Drugs are a massive problem. They have damaged and destroyed the lives of millions of our people, but so many of our decisions in respect of drugs are framed on ignorance and prejudice. Perhaps the simplest way to measure the problem is to consider the number of deaths from drugs.

According to official Government figures, no one has died from an overdose of cannabis. In the past year, 94 people died from taking heroin. Two hundred people died as a result of taking paracetamol, which is probably in every home in the land. Two thousand people died from using other drugs. Twenty-five thousand people died from using alcohol and 110,000 from using tobacco. However, as a nation, we spend £100 million encouraging our children to use tobacco and we arrested 40,000 people last year for using cannabis.

When we consider the history of drugs, it is strange to contemplate how we have reached our present position.

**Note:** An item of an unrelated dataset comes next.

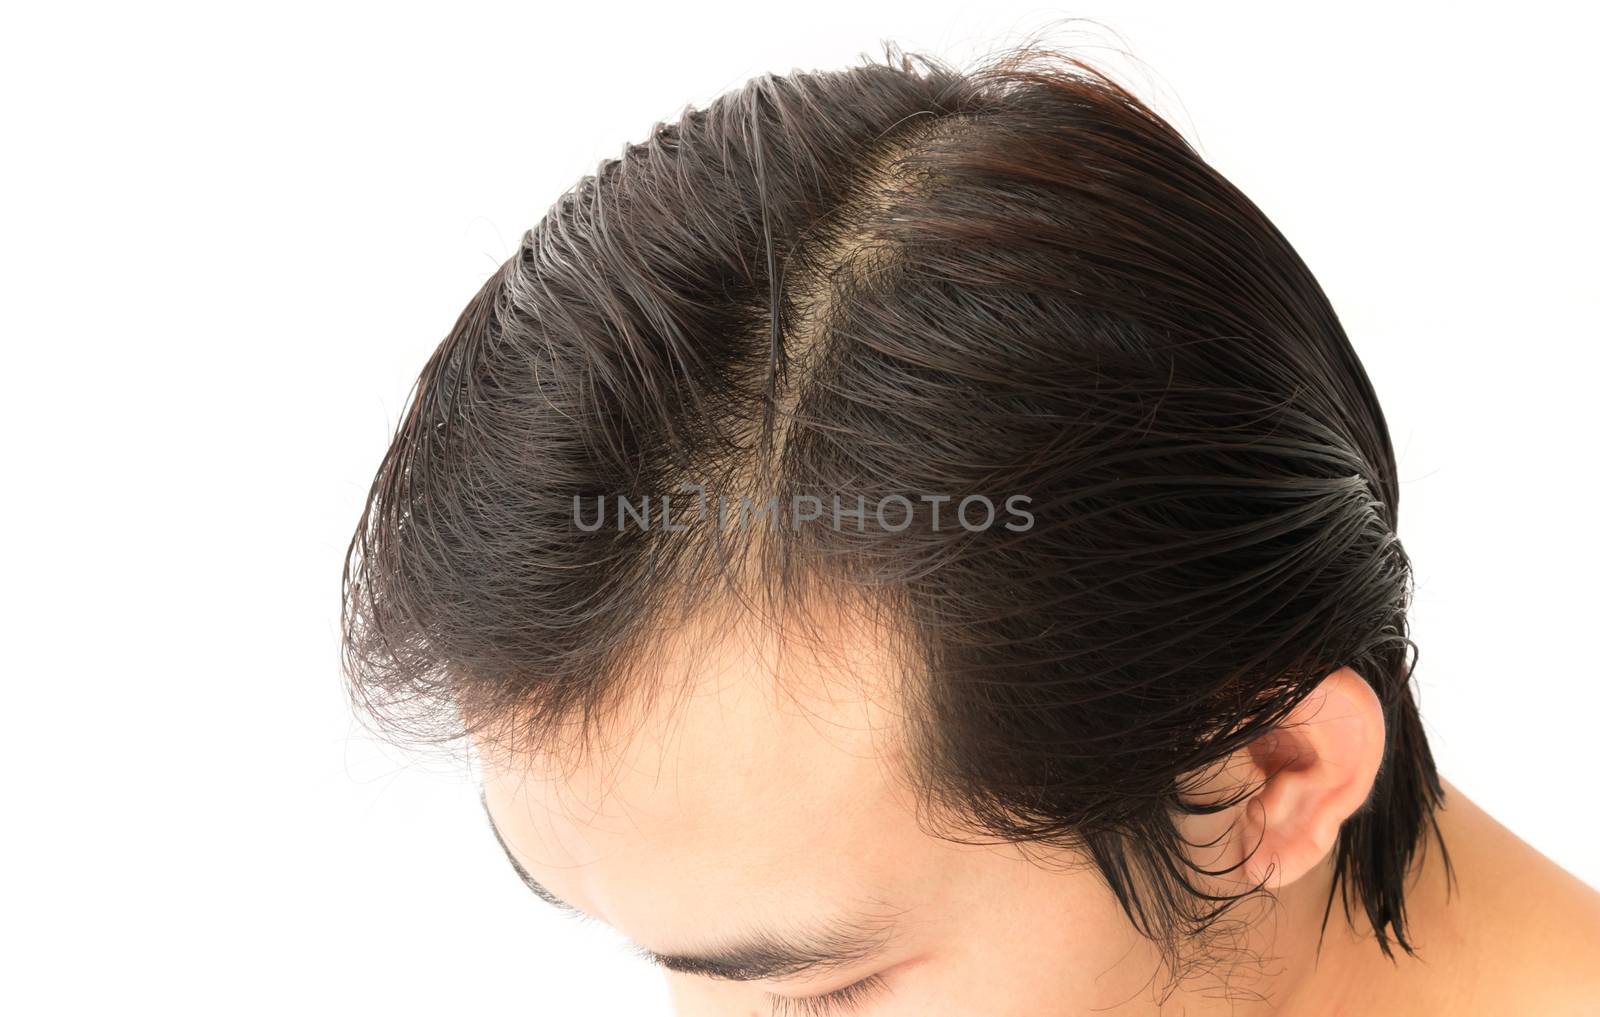 Young man serious hair loss problem for health care shampoo by pt.pongsak@gmail.com

In the last century, our grandmothers and their grandmothers could buy any drugs, not just in chemists but in local shops. Queen Victoria was a regular cannabis user. She used it every month of her adult life. Cannabis was used by many of the famous names in poetry and literature. They could buy a range of drugs, including heroin, cocaine and cannabis from their corner shops.

In 1928, we decided to criminalise cannabis and certain other drugs. We did that for an entirely irrational reason. The man in charge of a lunatic asylum in Alexandria, Egypt, claimed that all the inmates took cannabis. He assumed from that that the use of cannabis led to insanity. However, he did not point out that almost the entire population of Alexandria—men, women and children—also used cannabis, but they were not insane.

One argument in favour of banning cannabis which was made in the House a short while ago, and about which I was curious, is that it destroys brain cells. I decided to discover upon what that claim was based. Only one experiment has suggested that cannabis destroys brain cells. In that experiment, monkeys were forced to smoke 63 very intensely strong cannabis cigarettes under such conditions that they drew into their lungs only cannabis smoke and insufficient oxygen. They suffered from carbon monoxide poisoning and that destroyed their brain cells.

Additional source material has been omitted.